Życie jest jak teatr. Codziennie zakładamy różne maski. Do pracy najczęściej idziemy z przyklejonym uśmiechem na ustach, wracając do domu zrzucamy kurtynę i cieszymy się, że spotkamy najbliższych. Często również na różne spotkania przybieramy specyficzne maski. Nie chcemy, aby ludzie poznali nas z danej strony i gramy. Udajemy kogoś, kim nie jesteśmy. Zmyślamy fabułę naszego życia, po to, aby zaimponować innym. Niekiedy zdarza się, że taki aktor tak idealnie wchodzi w rolę, że zmienia swoje codzienne życie w to wyidealizowane.
Miałam przyjemność czytać "Lokatorkę" tego Autora i przyznam szczerze, że miałam wygórowane oczekiwania odnośnie tej pozycji. O ile poprzedni thriller skradł moje serce, w tym przypadku było inaczej. Rozumiem, że specjalnie został zastosowany zabieg mieszania codzienności z grą, ale mnie to do końca nie urzekło. Doczekałam się moich ulubionych zwrotów akcji i niespodzianek w czasie lektury, jednak brakowało mi takiej jednej wielkiej, gdzie złapałabym się za głowę i powiedziała "Ale jak to?!".
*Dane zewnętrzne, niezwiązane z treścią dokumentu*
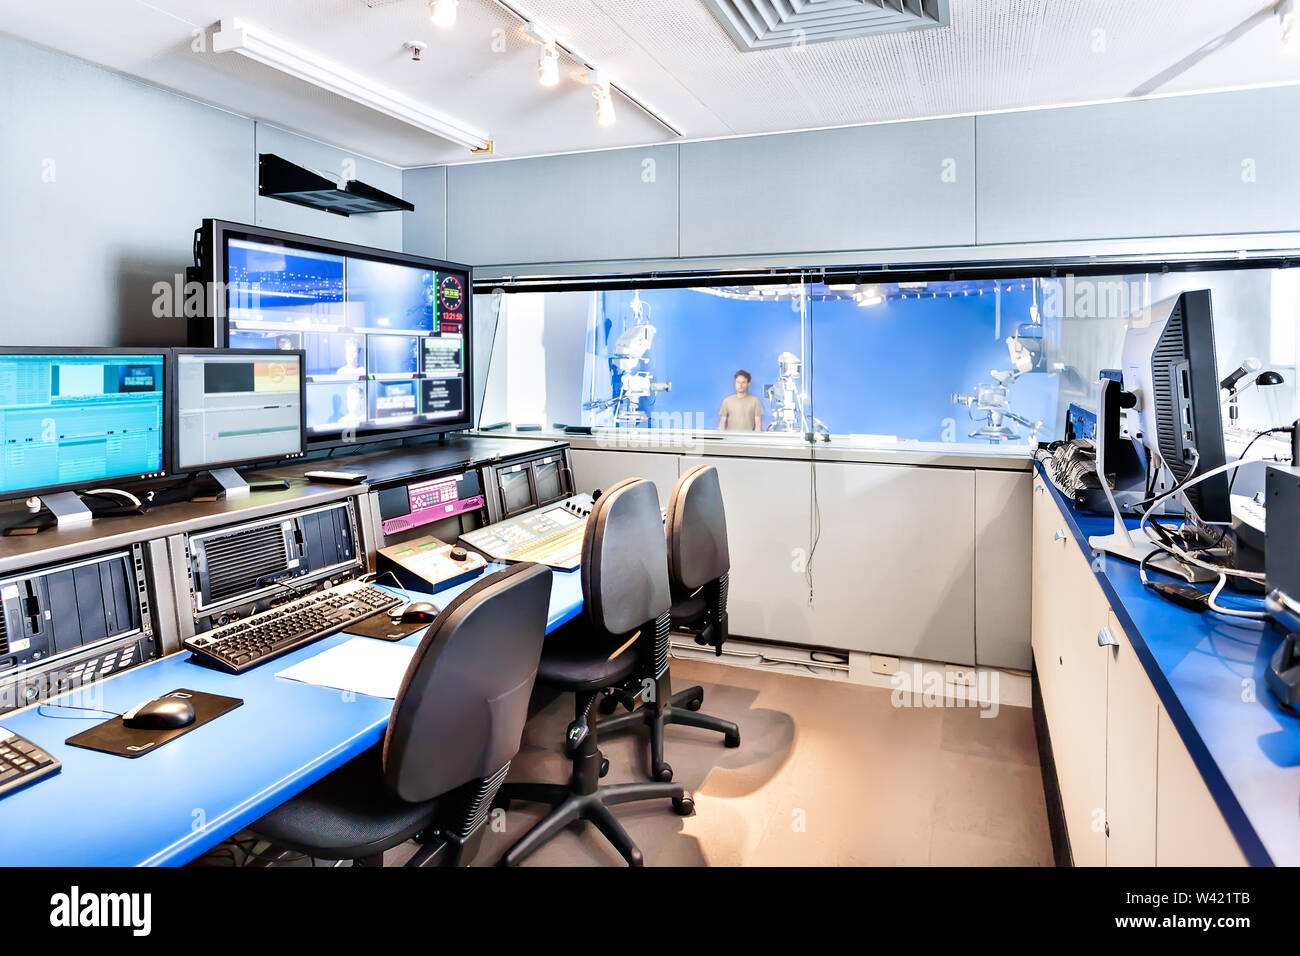 Broadcasting studio with screens and other editing equipment with no people ready to start broadcasting from the outside room with cameras Stock Photo

"Bo jak się okazuje, jedyną rzeczą, której
nigdy nie pokazują w filmach jak należy, jest śmierć.
Ludzie nie
chwytają się za serce i nie leżą bez ruchu, żeby wokół dalej mogła się
toczyć akcja.
Ciało nie chce umierać. Poddaje się dopiero długo, długo
po tej chwili,
w której wiadomo że będzie musiało się poddać. Ciało
krwawi, drga i łapczywie chwyta powietrze. Ciało walczy jeszcze
zacieklej niż ratownicy medyczni biegnący mu na pomoc.
Ciało nie chce
się pogodzić z tym, co nieuniknione."
Jestem bardzo ciekawa jak Wy odebraliście tę pozycję. Czytaliście "Lokatorkę" i porównaliście te dwa thrillery, czy "W żywe oczy" było Waszym pierwszym spotkaniem z twórczością JP Delaney? A może lektura dopiero przed Wami?